We tramped past the mound of earth. The machine operator lifted his hand, the hydraulic arm reached into a deepening hole. Here and there the white of a potato showed, cabbage which would have seen us through the winter topped the pile. Apart from the noise, round at the front of the house everything remained as we'd left it, unusual shells on the window ledges and drift wood which had taken our fancy, waiting to be carved, nothing of value, except in pleasure.

Not for the first time I studied the lintel above the doorway, rough dressed stone hand cut from the raven crag, dragged down the hillside. Find a shelter, survive and build a home for your family; that was the way of it. How easy to pull a lever, destroy in one hour's comfort a generation's work of callused hands.
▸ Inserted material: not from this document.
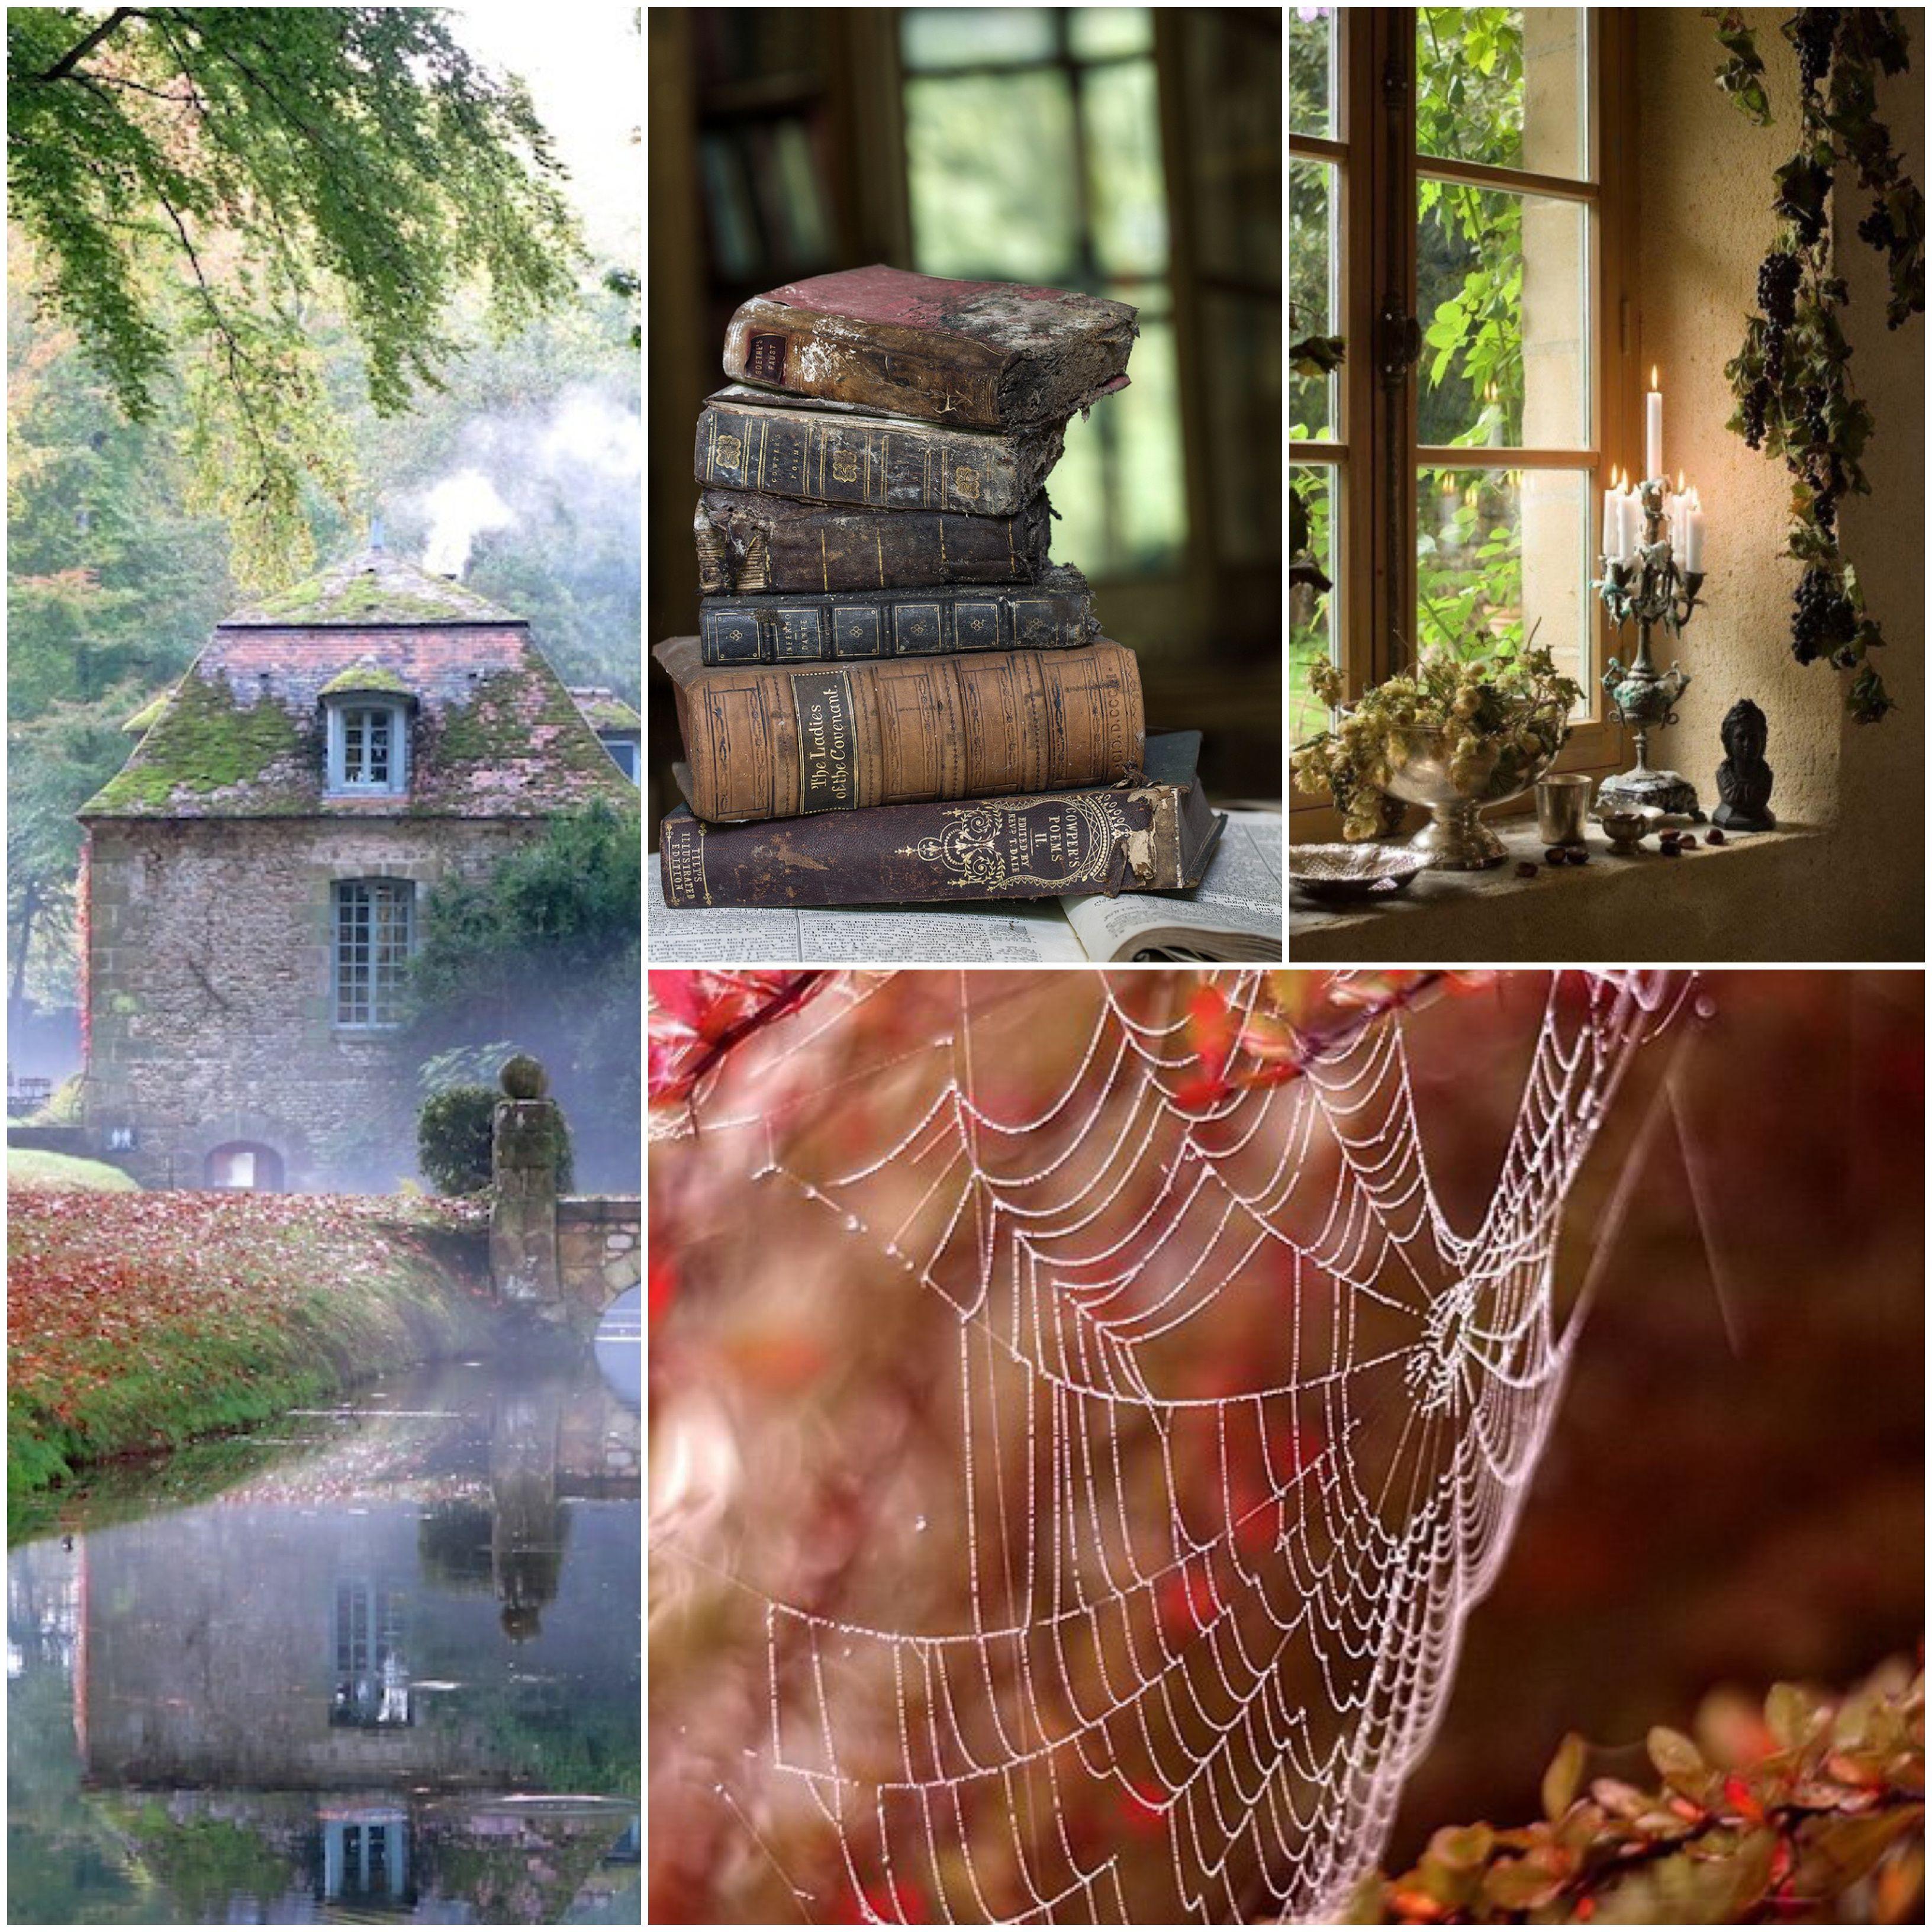 Mattino d'autunno  Che dolcezza infantile nella mattinata tranquilla! C'è il sole tra le foglie gialle e i ragni tendono fra i rami le loro strade di seta.  ~ F. Garcia Lorca
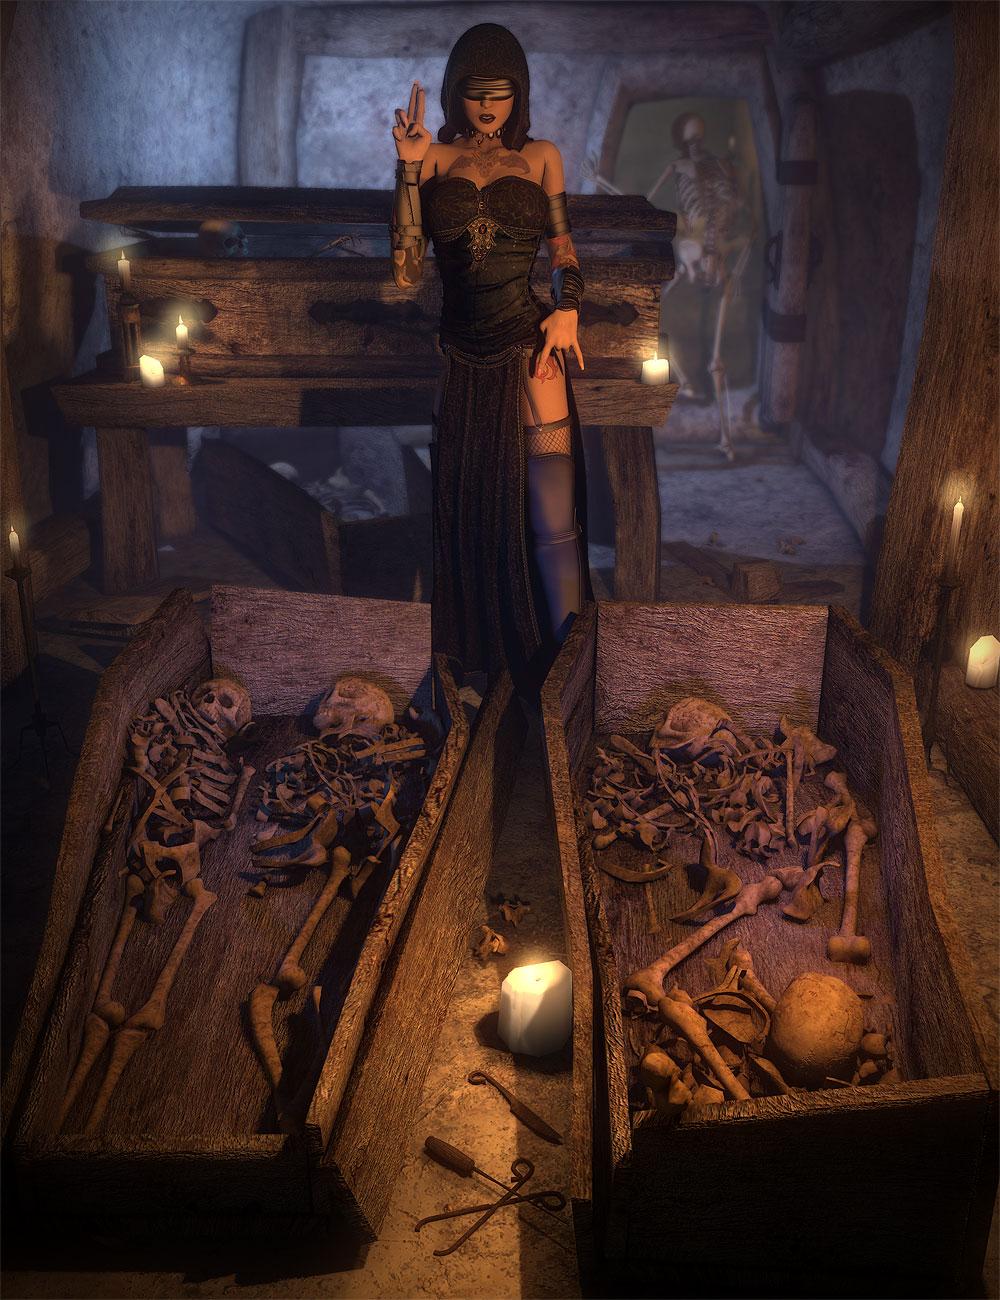 Them Bones 3 by: Orestes Graphics, 3D Models by Daz 3D

Reluctant to enter the old house for what I knew would be the last time, I sat on the stone at the end of the gable, my thoughts dwelt on the visions it had brought to my folks. The day of my first visit with Eachan I'd noticed the stone. My slight knowledge of geology told me the stone wasn't of the local rock.

Almost as if impelled I studied the stones shape. Although weathered by unknown years of winters' gale and salt the faint marks on its surface suggested it had been cut to fit a purpose. The same prompting seemed to be telling me it had belonged to some ship's ballast. Certainty came me, the stone had arrived aboard the first longboat to beach on Sandray, the raven's boat of my great grandfather's story, a Viking stone.

Eachan stood at my side as I'd seen him at his crofthouse window looking in horror across to the island on the day he died. The remains of a burning sunset were quenched in an undulating sea of molten iron. Beneath it sank a black sun, and the lava like coagulation turned to the green of verdigris. All about me on its rotting surface the white fish floated, belly up.

Eilidh put her hand on my shoulder, “This is it, Hector,” she said simply. The power of the vision had dazed me. Hardly back in our present grim situation, I followed Eilidh into the old house. There seemed little to gather. A few clothes were stuffed into bags, the odd book we'd saved, Hector's crib. My great grandparents' table and dresser, fashioned from shipwreck planks and worn by scrubbing, they were better to stay where they belonged.